Related to this, do not learn romaji as a way of writing characters.

\- I agree, do not avoid learning kanji. Always learn kanji with vocabulary. I
don't recommend Heisig's book if you're taking the long, methodical approach I
mentioned earlier. It includes a lot of mnemonics that I don't think actually
contribute to the actual kanji's reading. Plus, if you _do_ go through the
entire series, then you'll still be behind in your kanji learning. There are a
lot of words that you still don't know the meaning to! For example, 八百屋 and 海老
don't mean 800 shops and ocean's old. They mean produce market and shrimp
respectively. My recommendation is to learn vocabulary and the kanji readings
for that vocabulary.

\- I don't read manga, personally, but another way to learn conversational
Japanese is by watching television shows and mimicking them! (On the other
hand, I don't recommend mimicking anime.) If you like manga, then go for it!
Just go for your favourite entertainment medium. If you're learning
conversational Japanese, then try to find a serious language partner. Find
someone who is a native Japanese speaker trying to learn your native language.
Allocate 1 hour or a half hour to go over Japanese and another equal block of
time in your native language. Native English speakers will have the easiest
time searching for a language partner but don't give up if your native
language isn't English.

\- Textbooks are good for certain circumstances. I believe textbooks are good
for the long, slow methodical approach. It keeps you focused and gives you
goals to work towards. If you don't like textbooks, then pick up a non-fiction
book and try reading! It'll force you to pause, give thought to the meaning of
the sentence and look up words/grammar. The non-fiction book method will
probably take longer than a textbook though, especially if you're just
starting out. Fiction books will be extremely difficult because they will
sometimes make up words that won't appear in dictionaries.
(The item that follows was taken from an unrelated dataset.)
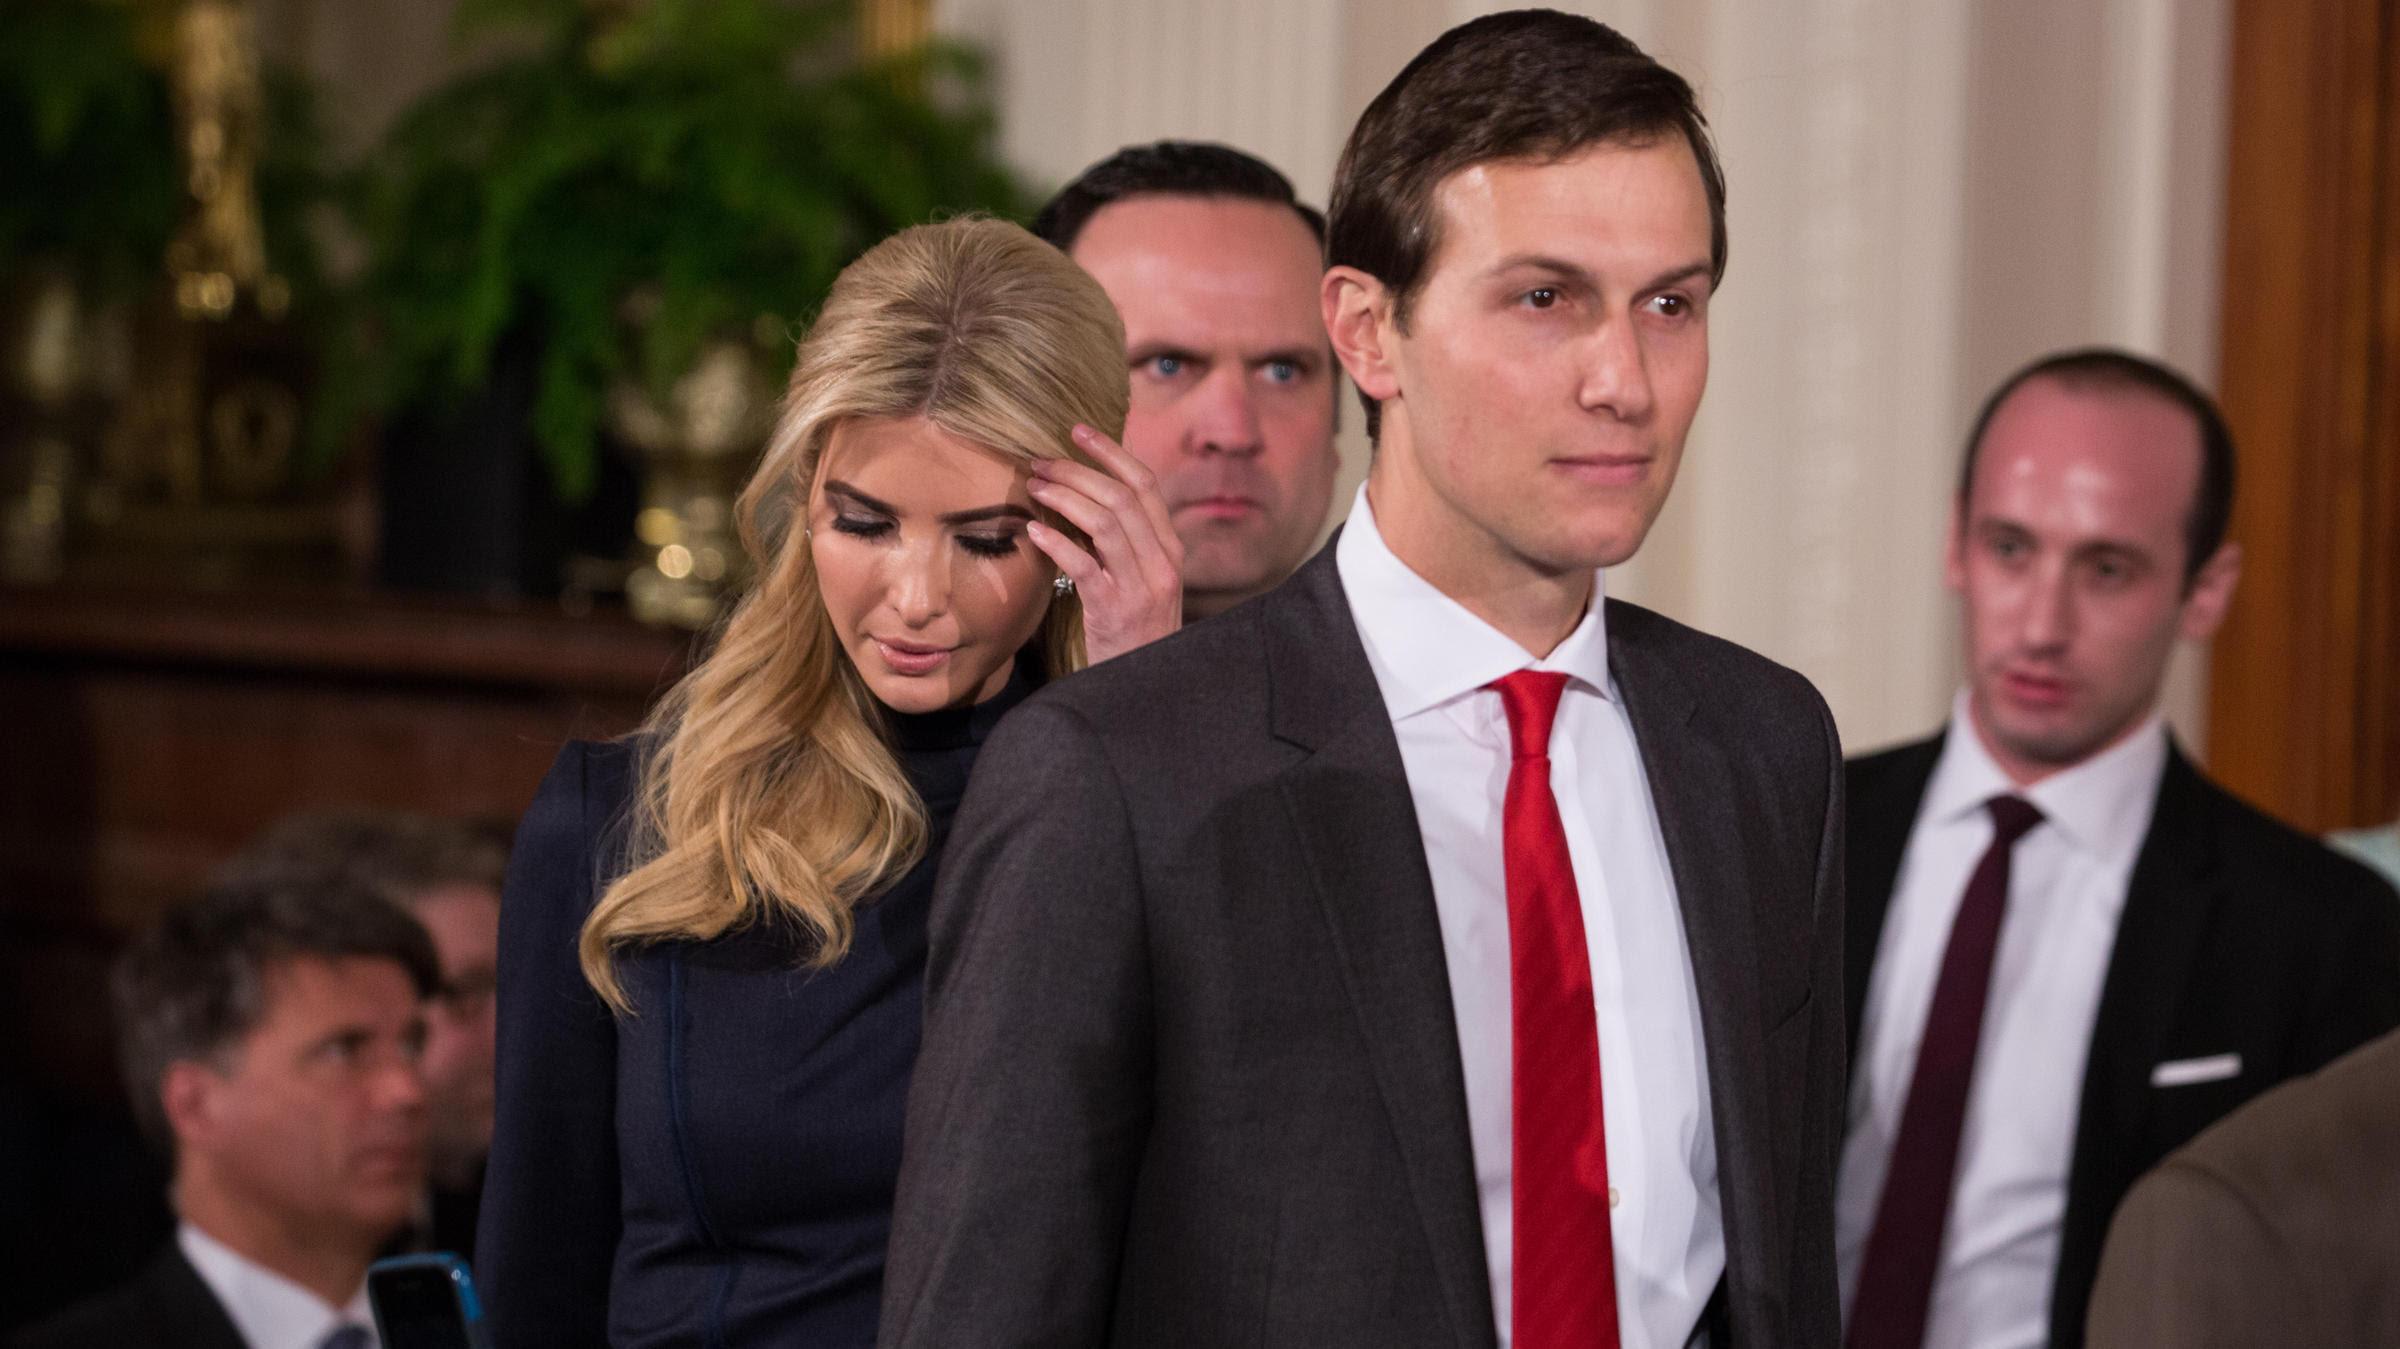 Image result for Trump-Kushner crime family, New Abwehr political campaign contributors

\- I actually prefer large lists of vocabulary. I get the greatest benefit
from lists of nouns since I pick those up the fastest. As the original
commenter pointed out, this is definitely not for everyone. Reading books or
manga will give a more entertaining method for learning new words. It'll even
give you the more nuanced meaning of words. The right and wrong places to use
them, etc. Check out the Tatoeba[2] project as well for example sentences
using the words you're learning.

For any language you're learning, try to use the language as you're learning
it. Try to come up with new sentences based on what you've learned. Try to
talk to people using the new verbs you learned. Try using Lang-8[3] for
writing.

Japanese is really difficult because although I've been studying it for a year
and a half now, I still don't feel like I'm 'fluent'. I can give you examples
of things that I've been able to achieve using Japanese but I definitely
wouldn't call myself fluent. Using the CEFR, I would probably put myself
between B1 and B2 for certain circumstances and maybe between A2 and B1 for
other circumstances. Learning Japanese will take time, don't give up.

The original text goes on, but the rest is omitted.